Hi i'm getting a new tank (180 litres) and i have kept community tanks and some bettas, angels and other fish but i would really like to keep lake malawi cichlids first questions will this tank be big enough.
I also knw you have to keep them in hard water but i have been informed the water from my area is soft is there any chemical to make it hard thanks for your replies.

- Jonno


----------



## blixem (Jun 13, 2005)

If my conversion is right, that's 47gal tank, which is a good size for a small cichlad tank. I'd wait till the experts reply on stocking levels though..

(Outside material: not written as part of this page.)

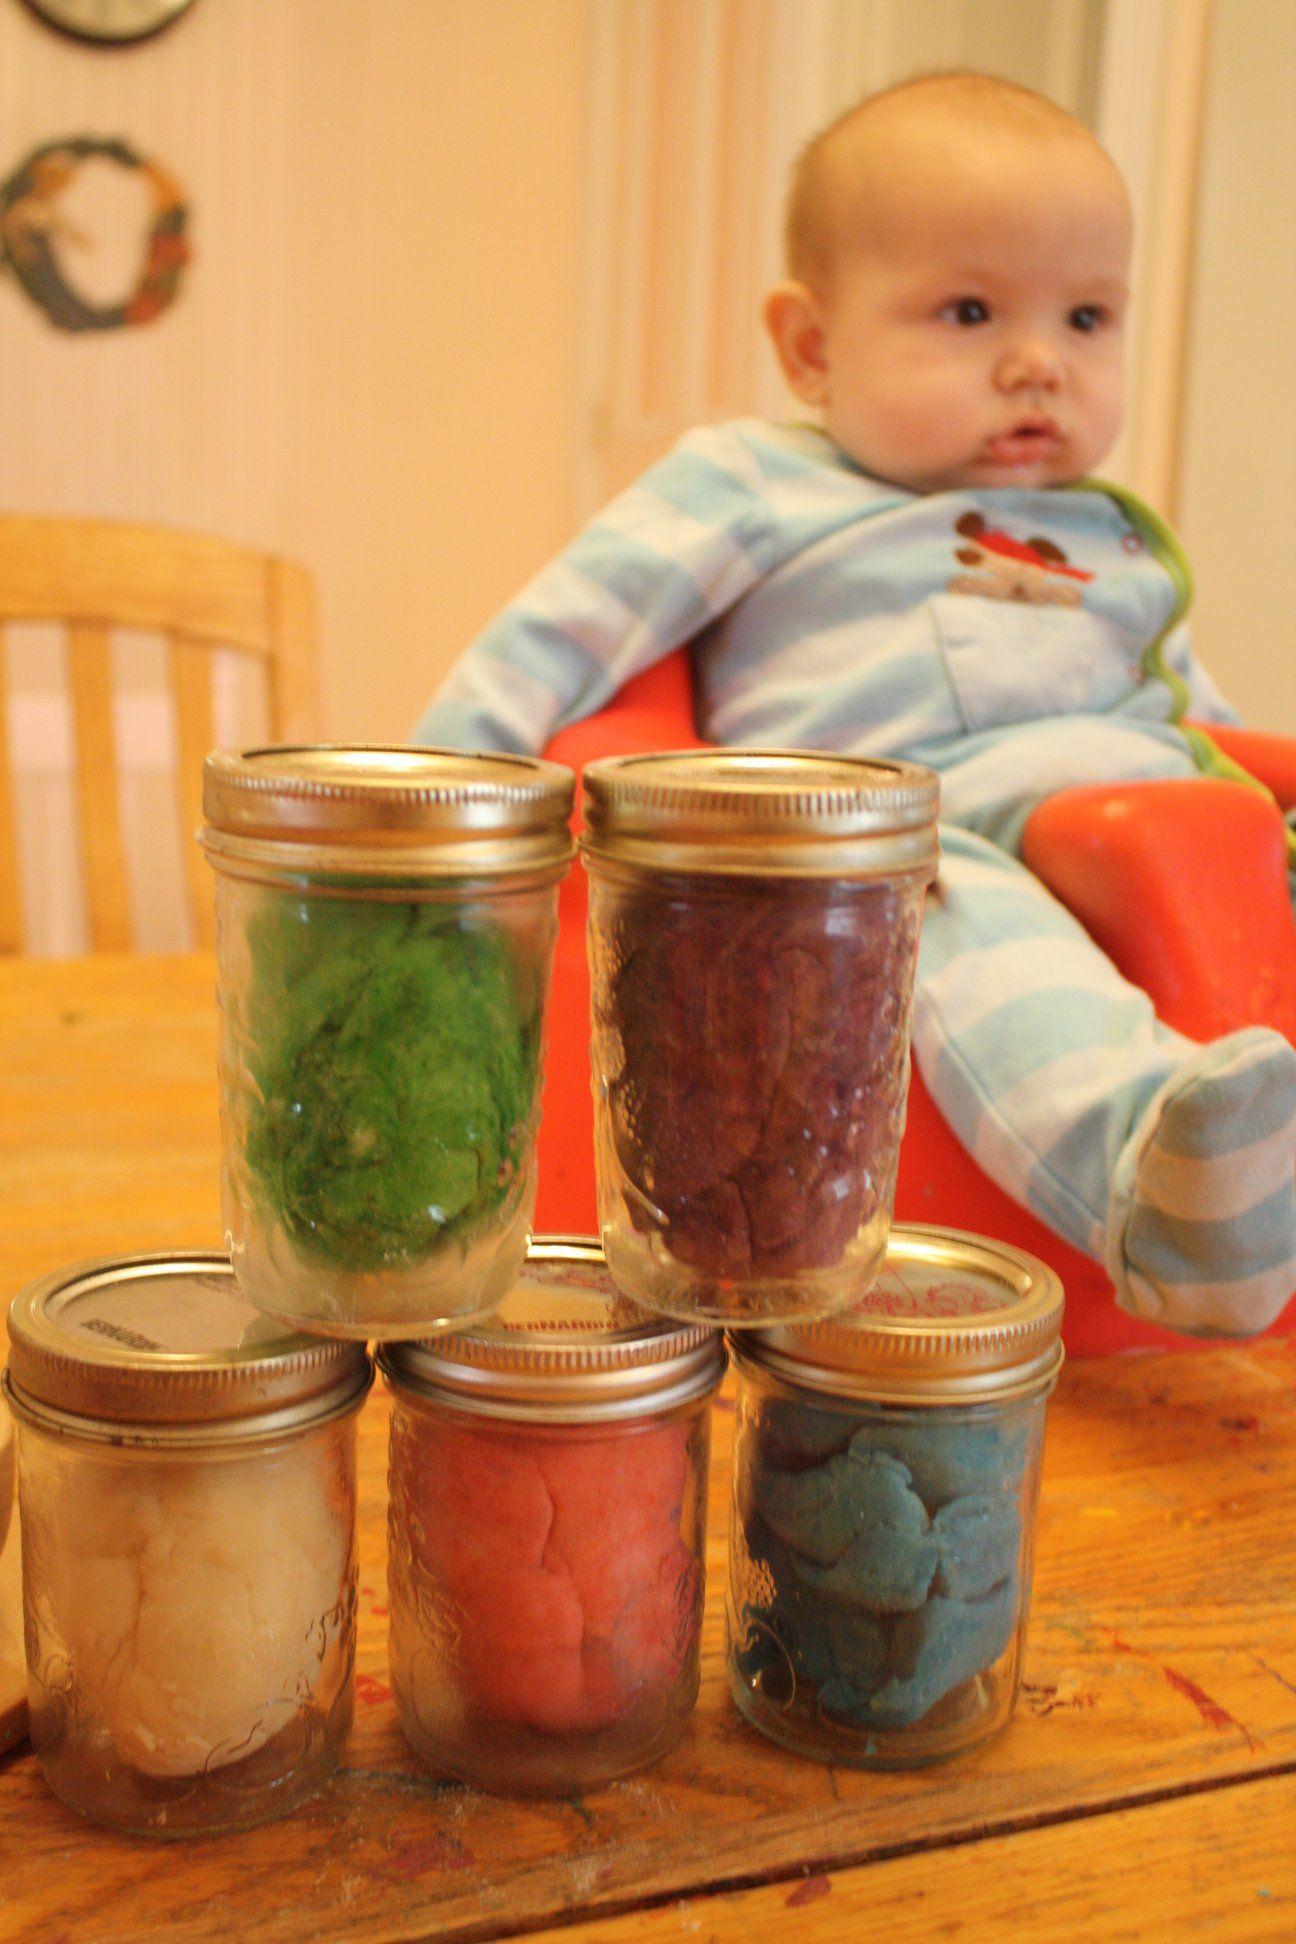 Playdough Recipe 2 cups allpurpose flour 1 cup of salt 3

As for hard water, I'm pretty sure you can use crushed coral sand, or other means to buffer your water to the correct hardness/pH without having to resort to chemicals. It is usually much easier to make your water harder, and raise the pH than it is to make it softer or lower the pH. (softness and pH being two different things.)


----------



## Cichlid Man (Jan 19, 2005)

I use limestone in my tank. The water won't exeed pH 8.5 no matter how much dissolves.


----------



## IloveCichlids (Jul 11, 2005)

You can use crushed coral, argonite, or check out this special cichlid substrate http://www.drsfostersmith.com/product/prod_display.cfm?pcatid=8976&ref=3636&subref=AC&N=2004+113553. These will all buffer your water to get you a higher PH. If you have a substrate such as Tahitian Moon Sand, gravel, or silica sand you can use dead coral or any limestone to buffer the water as decorations.

As far as hardness they do make chemicals for that. I use cichlid essential. It is specialy formulated for African Rift Lake tanks.
http://www.drsfostersmith.com/Product/NavResults.cfm?ref=3636&subref=AC&N=2004+113003

As far as stocking it kind of depends on what is available in your area and if you want Mbuna, Haps and/or peakocks. If you want Mbuna stick with those only. You can mix Haps and Peakocks together, although some of those get a little bigger than some of the Mbuna.

Hope this helps some.


----------



## Orbital (Jun 11, 2005)

What are the dimensions of the tank? Longer tanks are generally better suited for Mbuna. Since territory is important with them. Alot of the Haps will get too large for that setup I think. You could do a group of Aulonocara (Peacocks) but they don't mix well with most Mbuna. Although I'm mixing them at the moment and so far so good.

If you go with mbuna, I would stick to just two species. Possibly a 3rd if its Acei since they are open water swimmers for the most part and won't really take up a territory other then when spawning. They will find a flat rock or just spawn on the substrate. Shoot for one male and multiple females, 3-5 or more. Male Mbuna are generally intolerant of eachother, although you can "fine-tune" setups to house more then one male with experience, time & effort, and a close eye on the situation.


----------



## Jonno (May 22, 2005)

its a bow front long and curved at front not sure on dimensions but i might order it 2 moz


----------